Will a large-scale war break out in the South Caucasus?

The town of Askeran, near the area where clashes with Azeri forces were taking place, in Nagorno-Karabakh region.

The town of Askeran, near the area where clashes with Azeri forces were taking place, in Nagorno-Karabakh region.

Reuters
Full-scale hostilities have resumed in the unrecognized republic of Nagorno-Karabakh for the first time since 1994. Armenia and Azerbaijan, who have been in conflict over this region since the 1990s, are accusing each other of "provocations." The Russian press has been actively discussing whether this could signal the start of a new war.

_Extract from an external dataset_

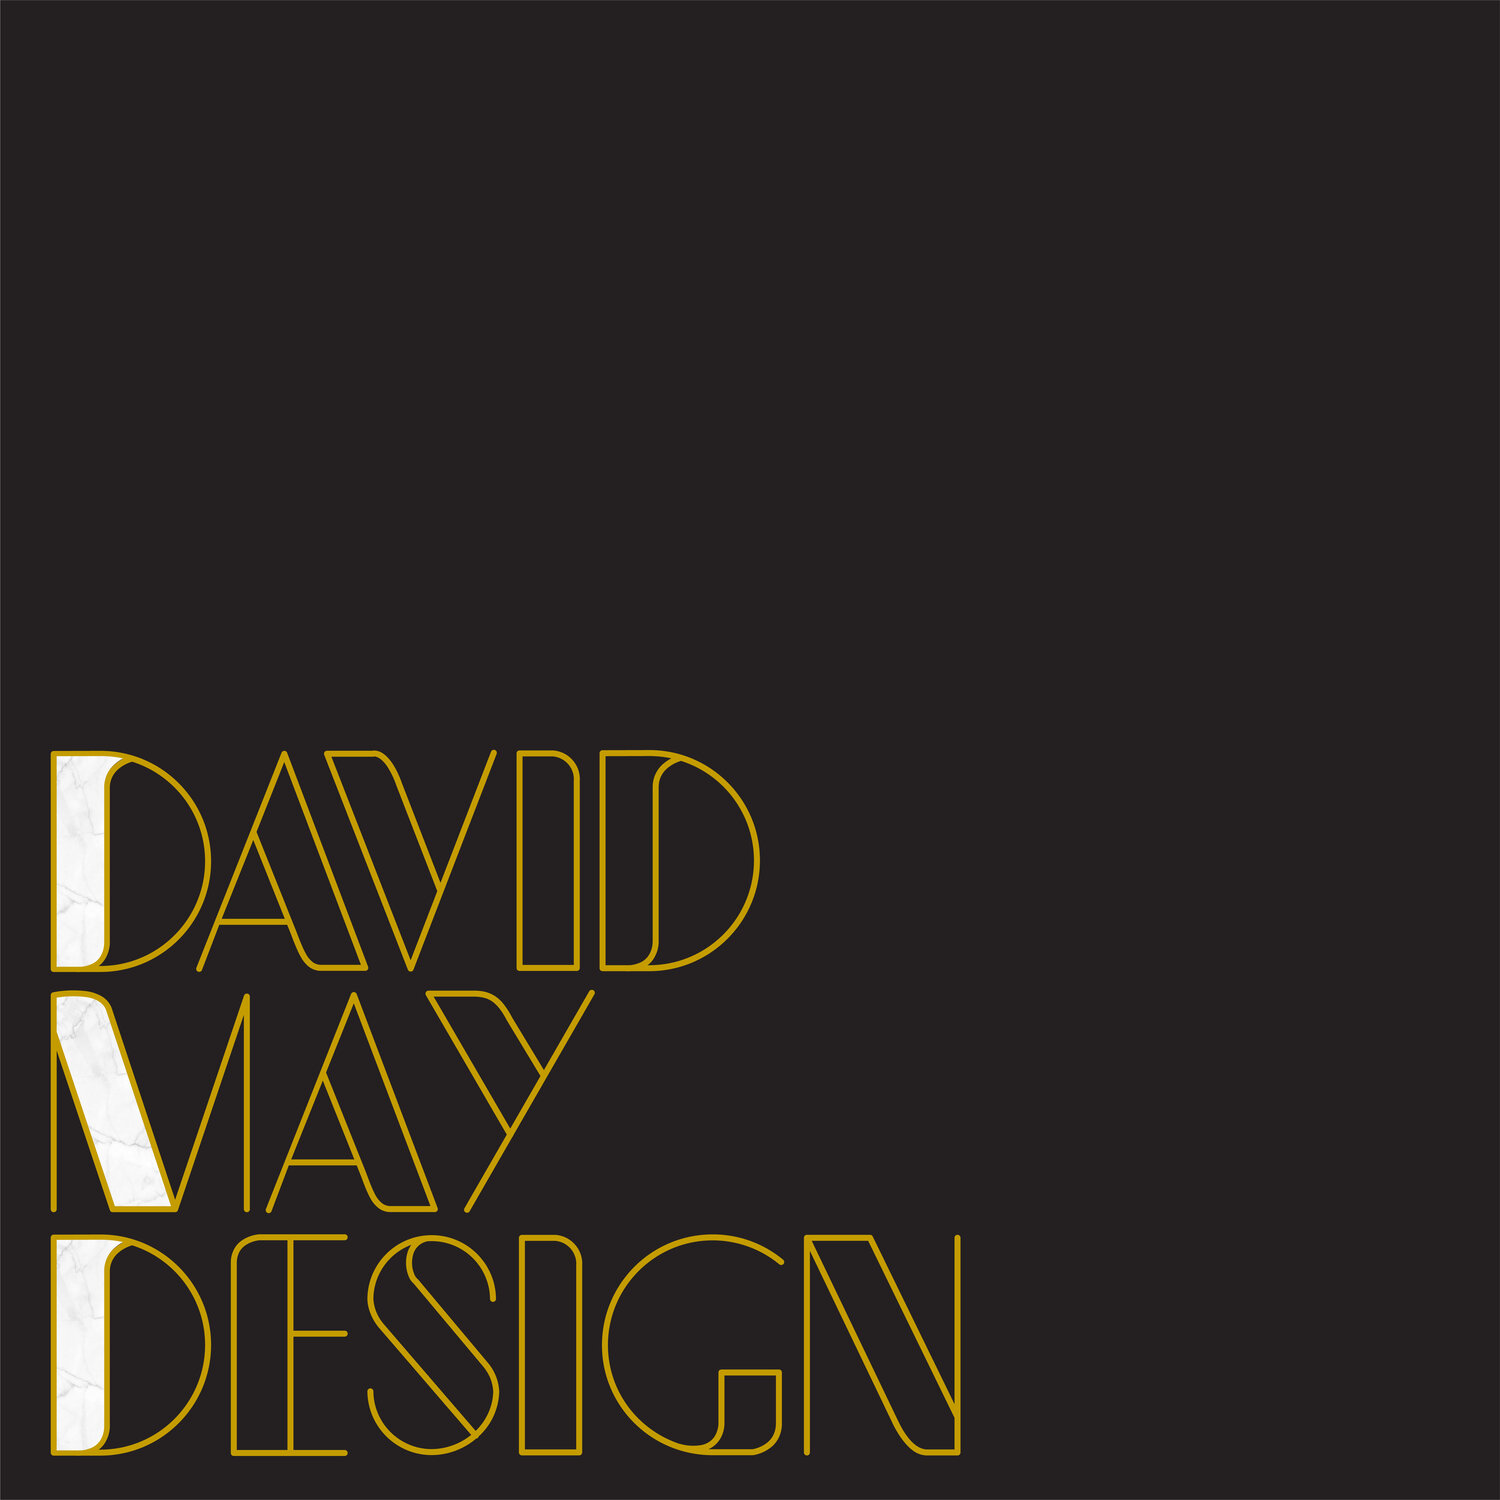 David may design

In the early hours of April 2, 2016 the defense ministry of the unrecognized republic of Nagorno-Karabakh, which is de facto supported by Armenia, reported that its army was defending itself against an offensive from Azeri forces. For its part, the Ministry of Defense of Azerbaijan reported artillery shelling coming from the Armenian side, whereas the Armenian Ministry of Defense said that it had downed two Mil helicopters operated by the Air Force of Azerbaijan. Later the press service of the Nagorno-Karabakh defense ministry said it had destroyed two Azeri tanks and two drones.

Overall, at least 33 people were killed and over 200 wounded according to a report released on April 3 by the UN Office for Humanitarian Affairs.

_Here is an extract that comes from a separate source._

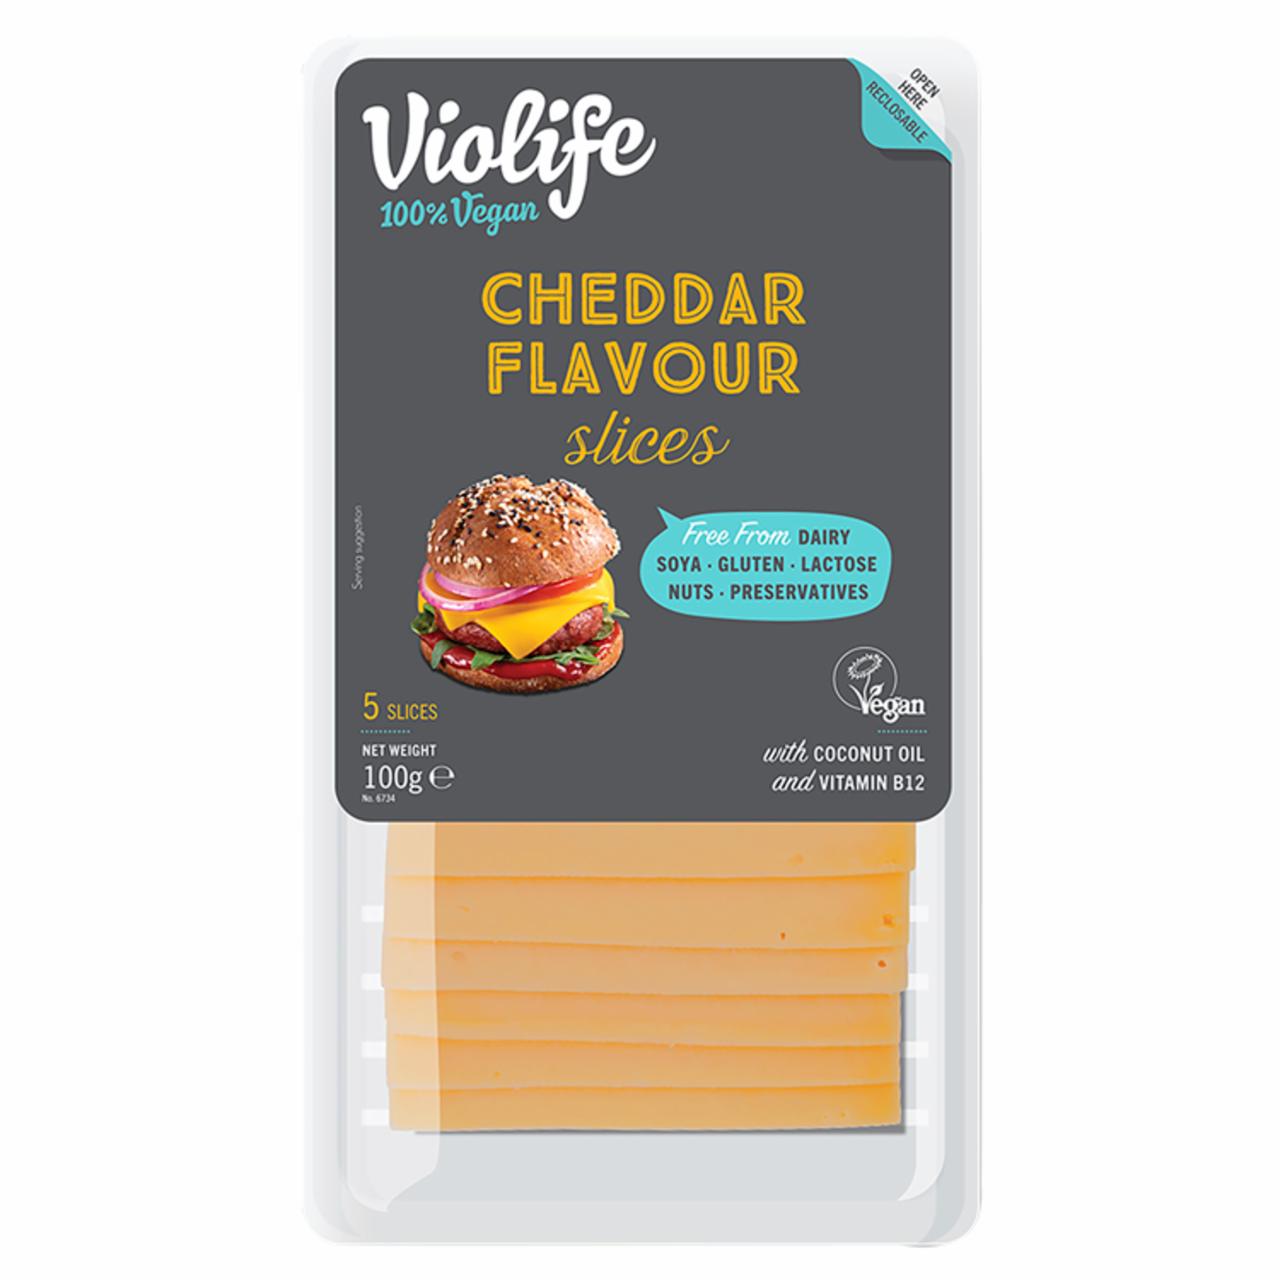 Zdjęcia - Cheddar flavour slices 100% vegan Violife

There are fears that the situation could signal a return to the "hot war" of 1992-1994, the Vzglyad newspaper warns. Vladimir Stupishin, former ambassador of the Russian Federation to Armenia, points out that this recent flare-up in tensions may have been provoked by policies being pursued by Turkey, whom Azerbaijan views as its closest ally.

In November 2015 Turkish Prime Minister Ahmet Davutoğlu said that Ankara would do everything in its power to free Azerbaijan's occupied territories.  The rise in tensions may grow into a protracted conflict between Armenia and Azerbaijan, says Valery Manilov, a former deputy chief of the General Staff of the Armed Forces of the Russian Federation. He warns that, "unless there is goodwill from the conflicting sides, the conflict may increase in scale and shake the whole region."

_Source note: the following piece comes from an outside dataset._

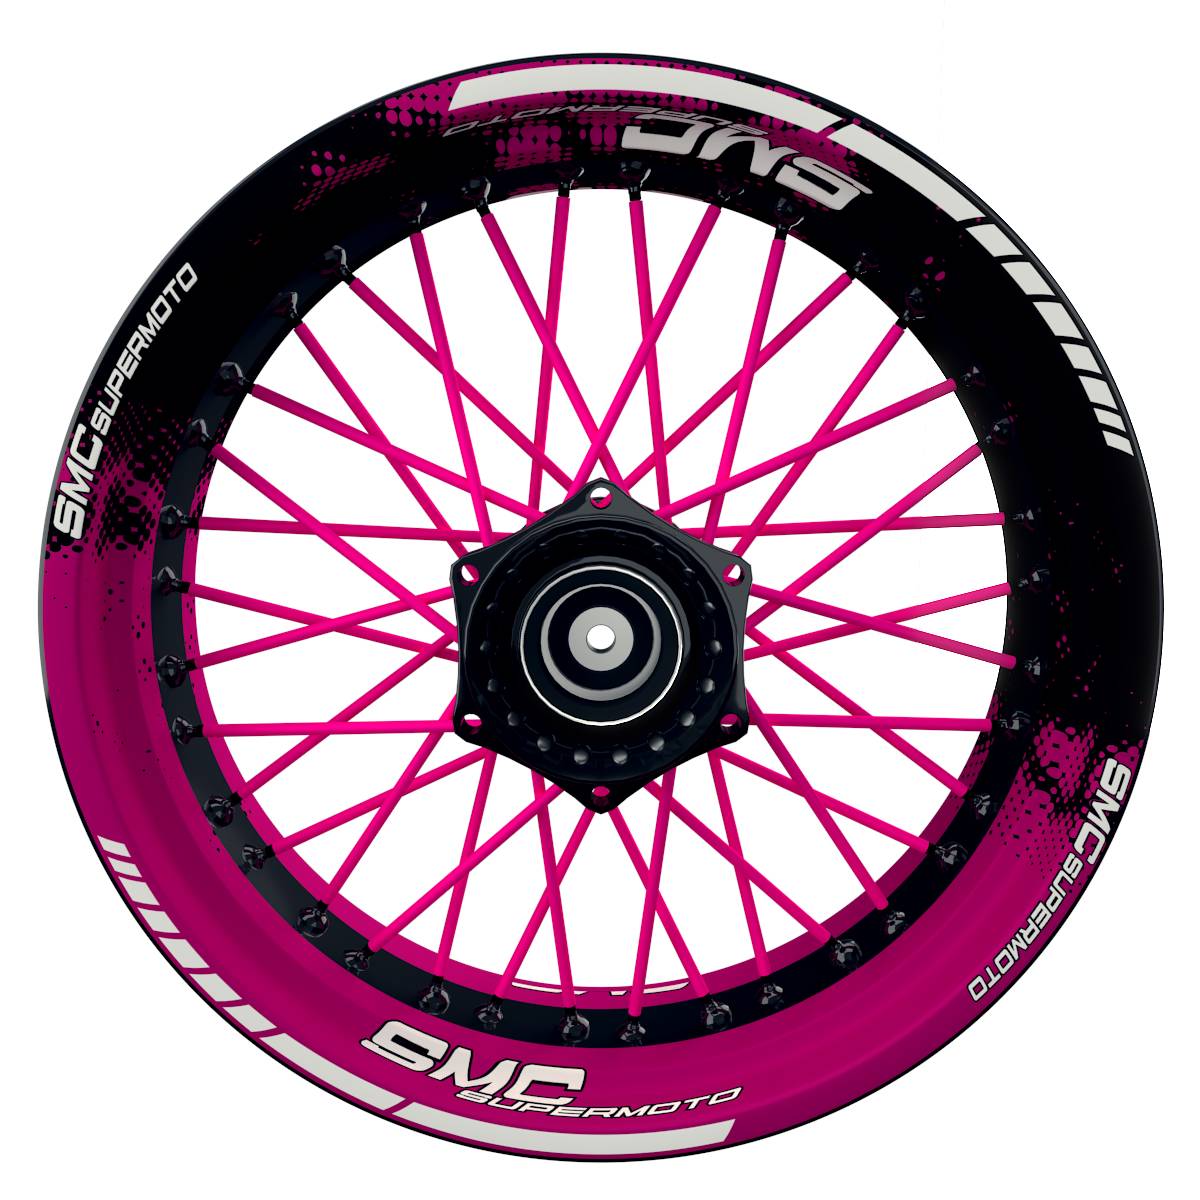 SMC Supermoto Dots schwarz pink Wheelsticker Felgenaufkleber

"An imitation of war is not a war after all"

Maxim Yusin, a commentator with the Kommersant business daily, is convinced that neither side is ready to engage in a large-scale war at the moment. Politicians in Azerbaijan are keen to avoid a serious clash. Armenia is an ally of Russia, thus in the event of an offensive there is a risk that Moscow could also become involved.

Yet, public opinion in Azerbaijan is unwavering in favor of an escalation at the moment.

"The authorities have to take it into consideration,” Yusin points out. “And from time to time they imitate activity at the front lines so that the general public do not get the feeling that the president has resigned to a defeat." 

In other words, there are no reasons to expect a stabilization in the conflict zone in the foreseeable future. There will be an imitation of war now and into the future. But in a sense this is good news: an imitation of war is not a war after all.

The U.S. and Turkey may have sent a dangerous signal to Baku

"By all appearances, the West was informed of an impending armed provocation on the part of Azerbaijan," Stanislav Tarasov an editor at the Regnum news agency, told the Svobodnaya Pressa online publication.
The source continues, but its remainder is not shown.